Quantum gravity - Planck's constant as a scalar field?

[soothsayer]

"Quantum" gravity -- Planck's constant as a scalar field?

I was just reading about a fascinating new theory on the solution to the quantum gravity problem:

http://arxiv.org/pdf/1212.0454.pdf

I really like it, but I have one big problem with it:

The author states that
[itex]G = \frac{\hbar c}{m_{Pl}^2}[/itex]
where [itex]m_{Pl}^2[/itex] is the Planck mass, and says that gravity can then be considered to be coupled to Planck's constant. But my issue is: if [itex]m_{Pl}^2[/itex] is defined to be [itex]\hbar c/ G[/itex], then isn't this an empty statement? Specifically, the author goes on to say that Planck's constant could in fact be a scalar field, and the observed nonzero value of the Planck constant could be due to symmetry breaking after the big bang, much like in the Higgs mechanism. When defining Newton's gravitational constant, the author casually mentions that the Planck mass is constant, but how can that be true if it is tied to the Planck constant, which the author says is not actually a constant? Does the author mean that the Planck mass is equal to [itex]\hbar_0 c/G[/itex] where [itex]\hbar_0[/itex] is the current, experimental value of Planck's constant (The ground state of the field)? Is that valid?

Just wanted to get PF's thoughts on it.

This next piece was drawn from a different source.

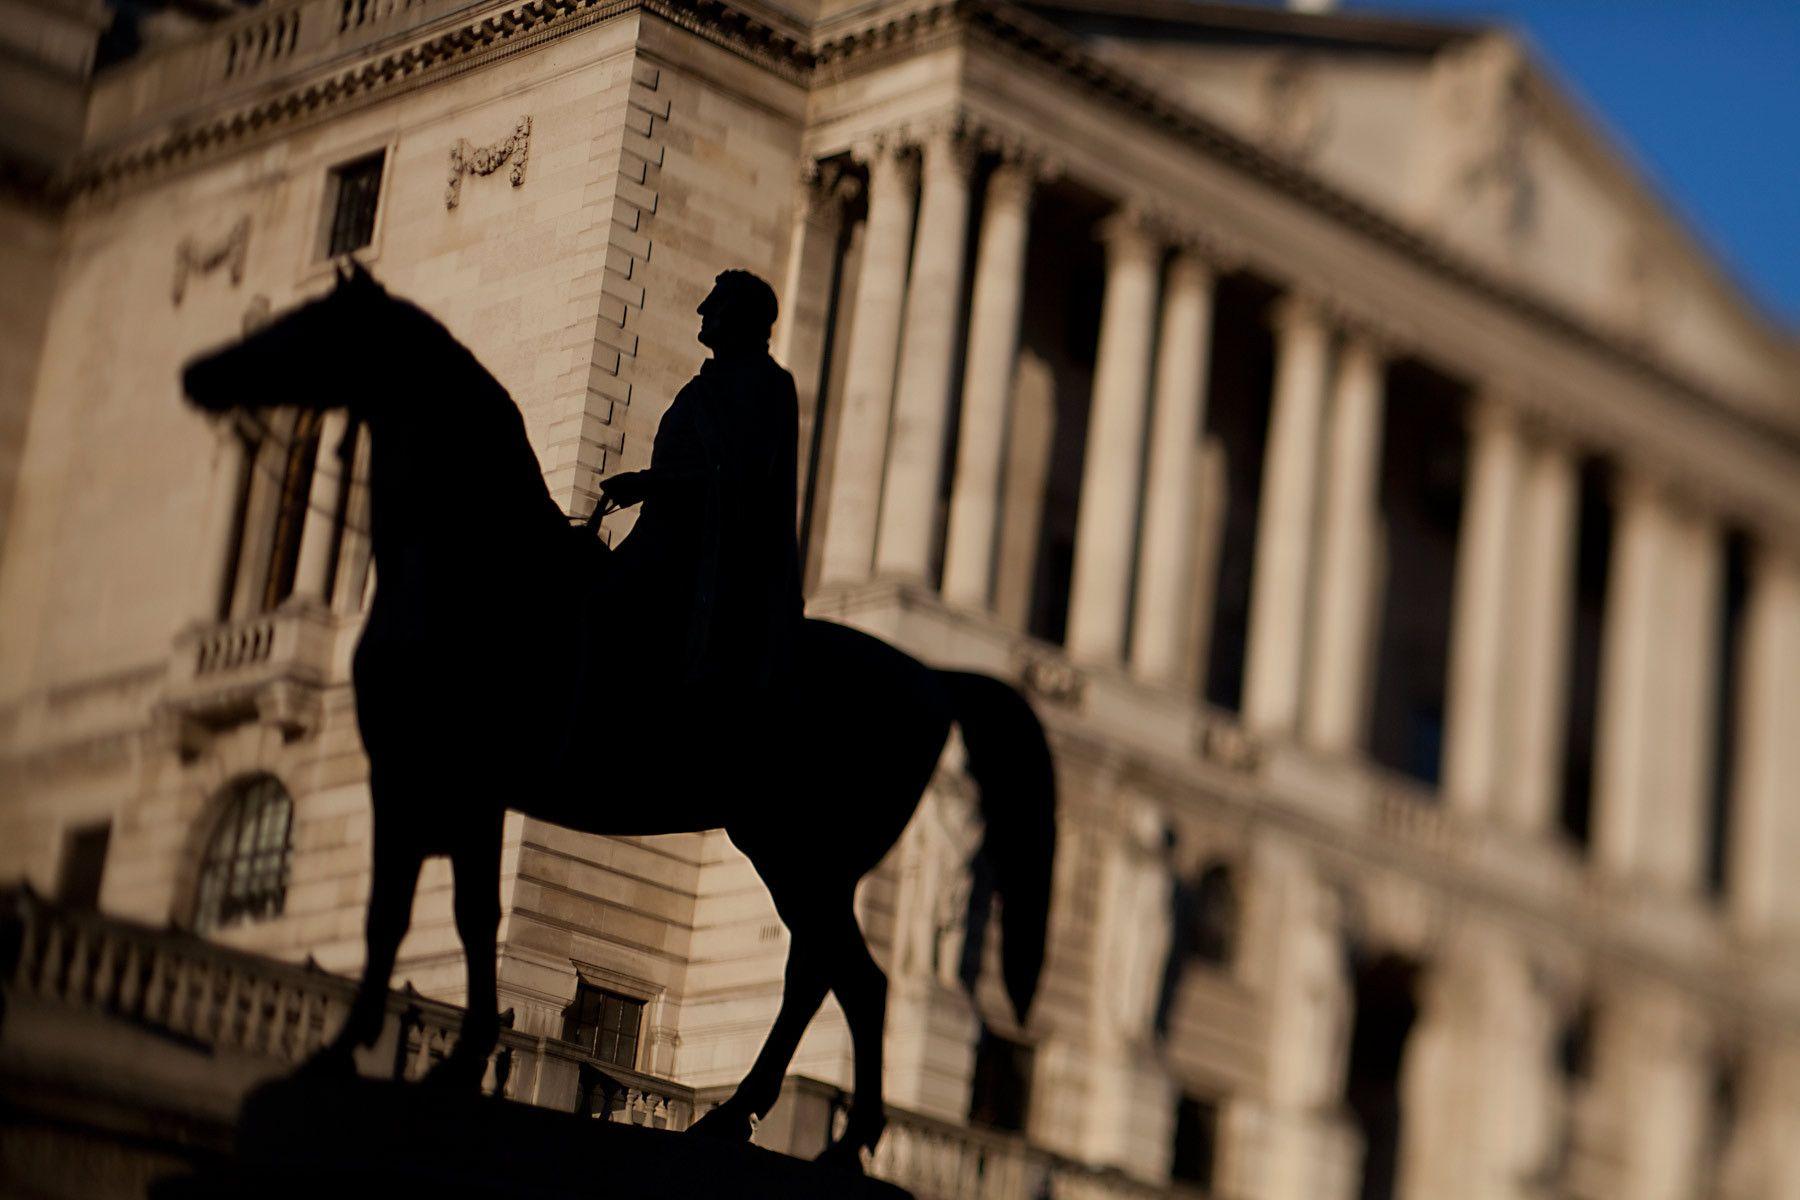 Wellington & The Old Lady of Threadneedle Street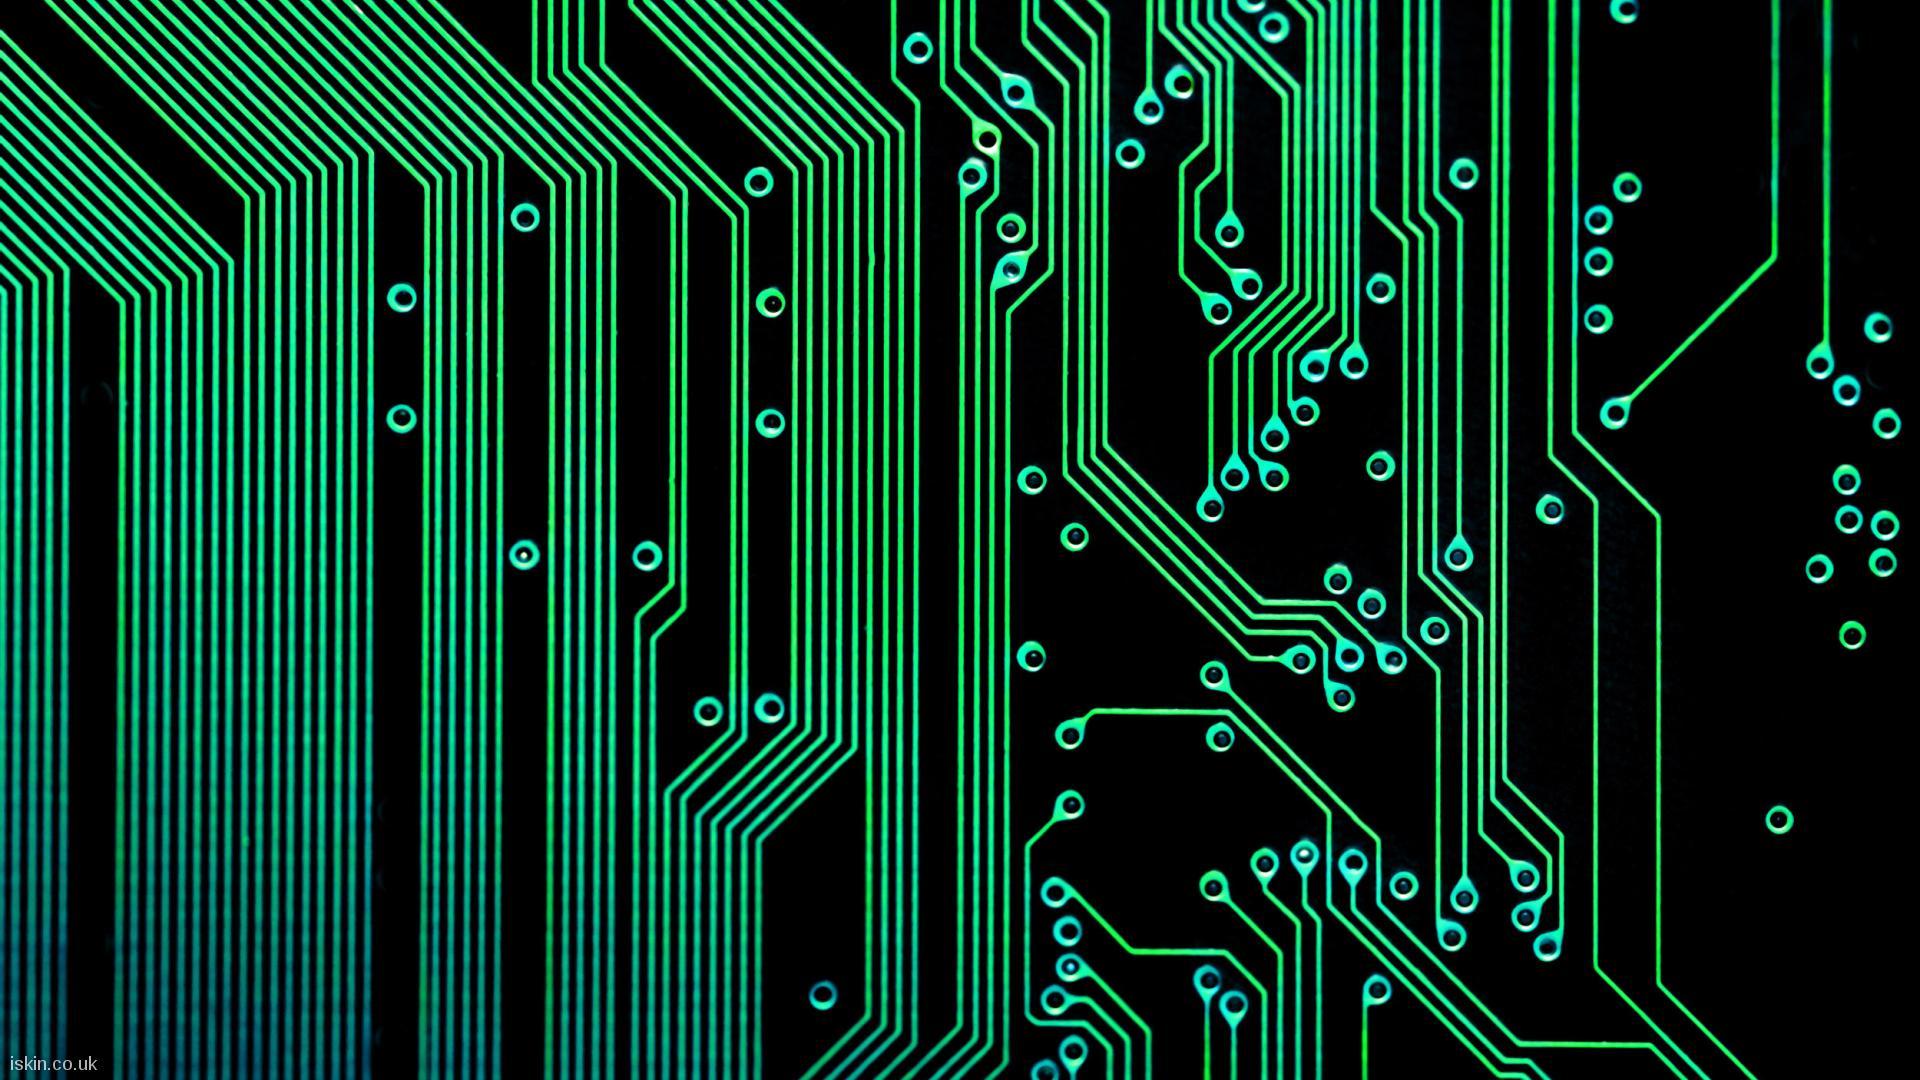 Electronic Circuits Desktop Wallpaper Iskin Co Uk

Thanks!

 

[DiracPool]

Is this article published in a Journal? All I can see is that it is from a Cornell U archive site. It looks like it could be some student's homework assignment. That may important in trying to address your question because I'm not seeing how Sabine derived that equation. Does it come out of a dimensional analysis of the Planck units? Or did he/she just make it up? That would be good to know as a start.

 

[soothsayer]

Well, it comes from the fact that the Planck mass, [itex]m_{Pl}[/itex] is DEFINED to be = [itex]\hbar c/ G[/itex], which basically comes from first principle. The thing is, everything besides G cancels out, so you basically get G = G, which gives you nothing.

The expression for the Planck mass can be found on its wikipedia page. I am unsure as to the source of this article. I do not know if it was published in a journal.

 

[pervect]

I managed to trace this to "third prize winner in the FQXi" essay contest.

I'm not familiar with FQXi, and I tend to be suspicious of sources I'm not familiar with.

A quick check into the author, Hossenfelder, shows they have some publication history in reputable journals (Physics Letters, for example).

My thoughts - overall I agree with the author's summay

I have argued that the fundamental theory can be neither classical nor quantized, but that quantization may be a phase that results from spontaneous symmetry breaking. Needless to say, this proposal is presently very speculative and immature.

And I think the idea is interesting and genuine, but needs more development (hence the publication in a rather off-the-beaten-track source. This is a bit of a red flag, but from my perspective the article doesn't seem obviously silly (unlike a lot of ideas one sees in off-the-beaten track journals). But I'm not terribly familiar with more than the basics of QM, so I can't say that someone more familiar wouldn't see flaws I don't.

I do give the author credit for fairly representing the status of the idea - it's apparently an idea he/she has been trying to work on to "beat into shape".

 

[kloptok]

The paper is discussed in this thread: https://www.physicsforums.com/showthread.php?t=632220

My personal feeling is that the author is serious and respected, and far from a crackpot. She also has a blog which you can find at http://backreaction.blogspot.se/

 

[cosmik debris]

The paper is discussed in this thread: https://www.physicsforums.com/showthread.php?t=632220

My personal feeling is that the author is serious and respected, and far from a crackpot. She also has a blog which you can find at http://backreaction.blogspot.se/

I agree with this, Bee, as she is sometimes known, is far from being a crackpot, as well as her excellent blog she has posted on this site.